Le succès de la mise en œuvre des stratégies et des plans décrits dans la déclaration politique adoptée à l'ONU et dans la Feuille de route pour la tuberculose zoonotique implique une large participation des vétérinaires, des responsables de la santé publique, des spécialistes de la faune, des chercheurs et des citoyens en général pour sensibiliser à la menace que constitue la tuberculose bovine et zoonotique et mener des actions coordonnées et multisectorielles pour éradiquer cette maladie.

Avec ses partenaires qui travaillent sur la tuberculose bovine et zoonotique, L'Union demande instamment aux chefs d'État et de gouvernement d'agir de toute urgence pour honorer les engagements pris dans la déclaration politique sur la tuberculose et se tient prête à apporter son aide dans les efforts qui seront entrepris.

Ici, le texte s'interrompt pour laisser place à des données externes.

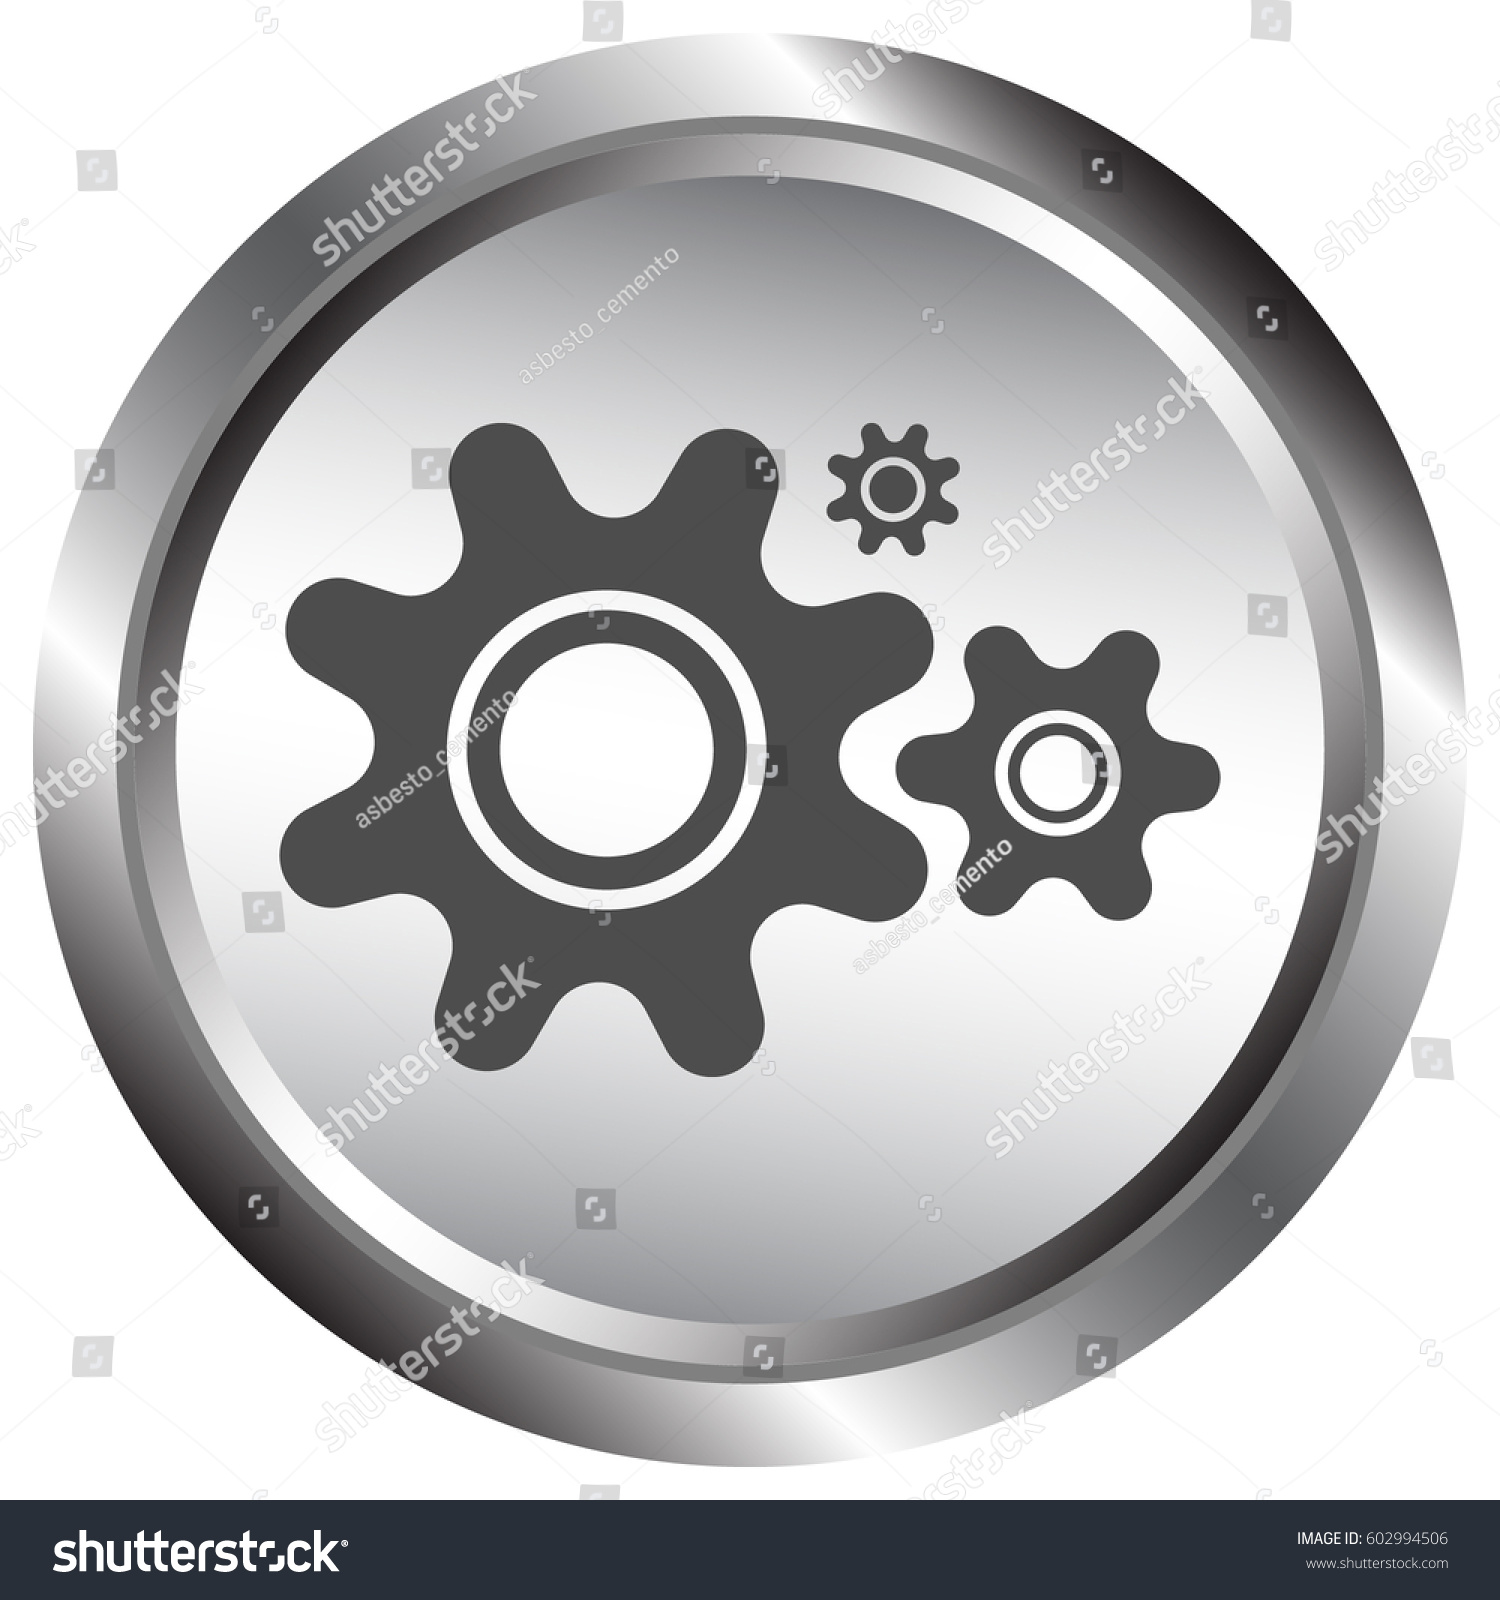 Edit Vectors Free Online - icon of cogwheels. | Shutterstock Editor

Sont reproduits ci-après les paragraphes de la déclaration politique des Nations Unies sur la lutte contre la tuberculose qui traitent de la tuberculose zoonotique et bovine:

Paragraphe 5. [Nous] sommes conscients qu’à haut niveau, d’autres engagements et d’autres appels à des mesures d’intervention, notamment en matière de tuberculose multirésistante et zoonotique, ont été pris et lancés récemment par des organes et des réunions à l’échelle mondiale, régionale et sous-régionale, dont le Sommet de Delhi pour mettre fin à la tuberculose qui s’est tenu du 12 au 17 mars 2018 ;

Paragraphe 17. [Nous] sommes conscients des incidences économiques et sociales considérables, souvent catastrophiques, et du fardeau de la tuberculose pour les personnes atteintes de cette maladie, leurs foyers et les populations concernées, et que le risque et les effets de la tuberculose peuvent varier suivant les conditions démographiques, sociales, économiques et environnementales, et, afin de rendre possible l’élimination de la tuberculose, accordant la priorité, selon qu’il convient, notamment par la participation des collectivités et de la société civile et d’une manière non discriminatoire, aux groupes à haut risque et aux autres personnes qui sont vulnérables ou dans des situations de vulnérabilité, telles que les femmes et les enfants, les populations autochtones, les agents de soins de santé, les migrants, les réfugiés, les personnes déplacées dans leur propre pays, les personnes vivant dans des situations d’urgence complexe, les détenus, les personnes vivant avec le VIH, les toxicomanes, en particulier les usagers de drogues par injection, les mineurs et autres personnes exposées à la silice, les pauvres des zones urbaines et rurales, les populations mal desservies, les personnes sous-alimentées, les personnes exposées à l’insécurité alimentaire, les minorités ethniques, les populations et les collectivités exposées à la tuberculose bovine, les personnes diabétiques, les personnes souffrant de handicaps mentaux et physiques, les personnes présentant des troubles liés à la consommation d’alcool, et les personnes qui consomment du tabac, notant la prévalence plus élevée de la tuberculose parmi les hommes ;

Enfin, on trouvera ci-dessous le paragraphe de la déclaration adoptée le 4 octobre 2018 par les ministres de la santé du G20 à Mar del Plata où sont expressément citées les maladies zoonotiques :

Paragraphe 40. Outre le rôle de premier plan joué par l'OMS, le G20 reconnaît les contributions essentielles apportées par la FAO et l'OIE, notamment dans le cadre de la coopération menée par ces trois organisations pour lutter contre la menace des maladies zoonotiques, améliorer les capacités du secteur de la santé animale et mettre en œuvre des approches multisectorielles fondées sur le concept « Une seule santé » pour renforcer la sécurité sanitaire.